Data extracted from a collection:

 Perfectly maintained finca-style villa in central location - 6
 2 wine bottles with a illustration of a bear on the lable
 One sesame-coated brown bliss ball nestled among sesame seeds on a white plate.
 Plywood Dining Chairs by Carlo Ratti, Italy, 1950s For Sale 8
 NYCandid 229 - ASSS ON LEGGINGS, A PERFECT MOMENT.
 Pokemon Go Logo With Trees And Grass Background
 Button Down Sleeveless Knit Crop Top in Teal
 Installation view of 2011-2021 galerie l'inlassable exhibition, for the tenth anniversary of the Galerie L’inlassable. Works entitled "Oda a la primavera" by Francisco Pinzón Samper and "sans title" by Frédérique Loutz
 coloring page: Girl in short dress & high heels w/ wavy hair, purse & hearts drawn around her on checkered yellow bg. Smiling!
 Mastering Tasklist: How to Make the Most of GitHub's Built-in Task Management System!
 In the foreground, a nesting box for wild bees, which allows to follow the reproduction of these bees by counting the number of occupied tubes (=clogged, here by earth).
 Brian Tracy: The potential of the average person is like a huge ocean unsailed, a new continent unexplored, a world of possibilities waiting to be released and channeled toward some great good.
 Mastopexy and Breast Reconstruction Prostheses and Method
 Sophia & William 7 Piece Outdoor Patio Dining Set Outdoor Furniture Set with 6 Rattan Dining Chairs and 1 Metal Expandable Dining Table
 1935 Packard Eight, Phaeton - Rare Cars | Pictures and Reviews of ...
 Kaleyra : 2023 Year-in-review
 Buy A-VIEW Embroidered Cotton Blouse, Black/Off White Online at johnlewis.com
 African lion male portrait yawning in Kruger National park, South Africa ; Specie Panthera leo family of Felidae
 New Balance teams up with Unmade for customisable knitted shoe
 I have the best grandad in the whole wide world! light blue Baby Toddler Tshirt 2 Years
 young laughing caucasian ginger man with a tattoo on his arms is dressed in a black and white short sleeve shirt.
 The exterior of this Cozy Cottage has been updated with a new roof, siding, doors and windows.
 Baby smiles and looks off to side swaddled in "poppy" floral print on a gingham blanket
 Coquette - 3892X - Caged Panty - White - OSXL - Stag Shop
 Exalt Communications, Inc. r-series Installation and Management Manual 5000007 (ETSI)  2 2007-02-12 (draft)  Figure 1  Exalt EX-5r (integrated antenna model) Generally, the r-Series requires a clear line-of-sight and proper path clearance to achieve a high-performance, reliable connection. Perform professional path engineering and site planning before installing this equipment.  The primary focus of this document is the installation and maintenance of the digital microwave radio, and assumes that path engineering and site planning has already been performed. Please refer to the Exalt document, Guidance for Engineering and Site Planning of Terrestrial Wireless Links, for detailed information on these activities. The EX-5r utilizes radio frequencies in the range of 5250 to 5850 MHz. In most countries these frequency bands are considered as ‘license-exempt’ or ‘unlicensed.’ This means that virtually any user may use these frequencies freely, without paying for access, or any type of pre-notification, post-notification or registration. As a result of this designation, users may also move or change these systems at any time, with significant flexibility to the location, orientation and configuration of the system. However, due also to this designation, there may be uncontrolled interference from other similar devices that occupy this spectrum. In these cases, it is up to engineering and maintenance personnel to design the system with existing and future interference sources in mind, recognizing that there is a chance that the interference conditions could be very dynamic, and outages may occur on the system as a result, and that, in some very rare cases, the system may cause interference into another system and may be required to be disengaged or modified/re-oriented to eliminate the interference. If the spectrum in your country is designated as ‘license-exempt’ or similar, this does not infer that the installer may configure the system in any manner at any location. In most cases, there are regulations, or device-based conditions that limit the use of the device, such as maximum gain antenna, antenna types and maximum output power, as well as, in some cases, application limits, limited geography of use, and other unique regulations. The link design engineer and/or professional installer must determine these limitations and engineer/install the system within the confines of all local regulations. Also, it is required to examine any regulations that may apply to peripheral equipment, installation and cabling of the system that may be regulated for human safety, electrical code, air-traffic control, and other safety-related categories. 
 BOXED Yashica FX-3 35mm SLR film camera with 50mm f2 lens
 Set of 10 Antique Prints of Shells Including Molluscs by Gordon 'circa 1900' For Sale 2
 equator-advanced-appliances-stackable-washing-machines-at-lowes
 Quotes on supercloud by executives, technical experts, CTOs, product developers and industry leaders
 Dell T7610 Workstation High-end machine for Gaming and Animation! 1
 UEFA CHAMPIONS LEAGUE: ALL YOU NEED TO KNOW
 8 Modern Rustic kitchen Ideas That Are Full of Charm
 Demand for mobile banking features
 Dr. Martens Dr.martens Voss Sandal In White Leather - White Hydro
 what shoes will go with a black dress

▸ **Work to be completed**: Could you reproduce, exactly, every line above from the line with "The exterior of" to the line with "Coquette - 3892X", and no other line? Both ends count.

▸ **Response below**:
 The exterior of this Cozy Cottage has been updated with a new roof, siding, doors and windows.
 Baby smiles and looks off to side swaddled in "poppy" floral print on a gingham blanket
 Coquette - 3892X - Caged Panty - White - OSXL - Stag Shop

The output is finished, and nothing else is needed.